Originally Posted by *fresh_veggie* 
I don't use it. The increased use of sanitizers and antibacterials has led to an explosion in resistant-bacteria. I've had MRSA. Not worth it.

Actually that is misinformation. The use of alcohol based sanitizers doesn't cause resitant bacteria or MRSA. They don't contribute to antibiotic resistance at all. http://www.tastelife.com/health/inst...sanitizer.aspx
http://www.scienceblog.com/cms/hand-...ion-10882.html

And in fact they kill MRSA which is why they are used in health care and hospital settings. http://www.medicinenet.com/script/ma...ticlekey=94761 http://www.infectioncontroltoday.com.../361feat4.html

I'm speaking only about alcohol based hand gels not chemical ones. And they don't kill things like c. diff nor do they wash dirt off hands. So washing with soap and water is still better. But not always practical. Most public restrooms now have antibacterial soap which does have possible issues. Ick. I still prefer soap and water but hate that the bad stuff is all I see now.

Quote:


Originally Posted by *demottm* 
I read about a case one time where a toddler licked it off of his hands and it had adverse affects. So, no we don't use it.

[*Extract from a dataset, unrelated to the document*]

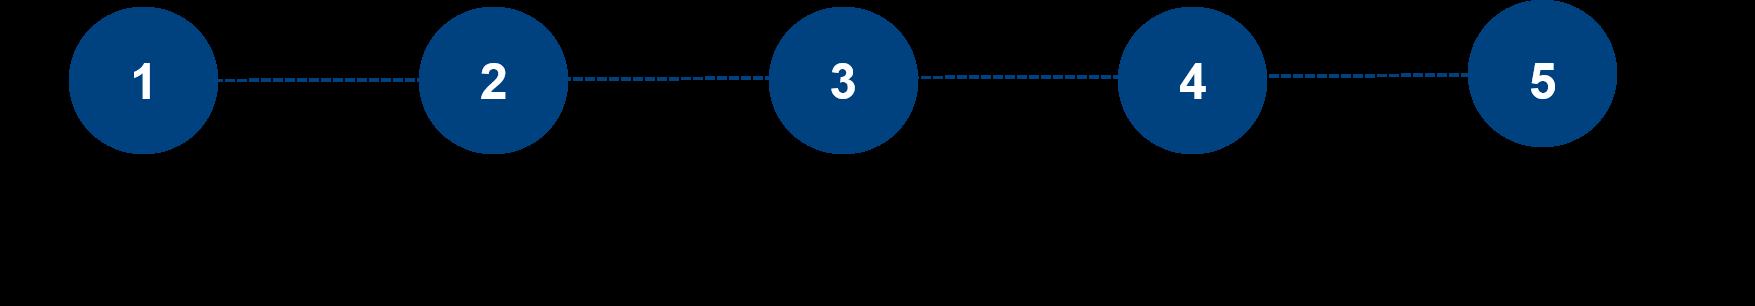 5 pasos Garantia ATM

A toddler would have to drink a minimum of 1 to 2 ounces to have ill effects. http://www.snopes.com/medical/toxins/sanitizer.asp So they aren't going to have harm from licking it off their hands after using it. But it's good to be aware that you don't want a small child drinking it so keep it up and away from young kids.


----------



## Leisha (Jan 16, 2008)

I have a tiny bottle of it, it's in the diaper bag or in my handbag, I'm not even sure.

I hardly ever use it. Only in situations like for example: if I've been on public transport, esp in summer, when everyone's sweaty/dirty/I-just-scratched-my-balls/sneezed on/whatever hands have been on the metal bar that i have to hold on to







and I have no access to anywhere to just wash my hands with water and soap. But I like having it, in case i need it, I guess.

I'm not really a fan of it in general though... when I first "discovered" it, I bought a small bottle, and at some point my hands were very dusty/dirty and I had no access to a tap to wash them, and I though "Aha! I'll use the no-water-needed-hand-cleaning-stuff" so I spread a good blob on my hands but they didn't get clean at all, the dirt just got spread around and it felt gross


----------



## Agatha_Ann (Apr 5, 2009)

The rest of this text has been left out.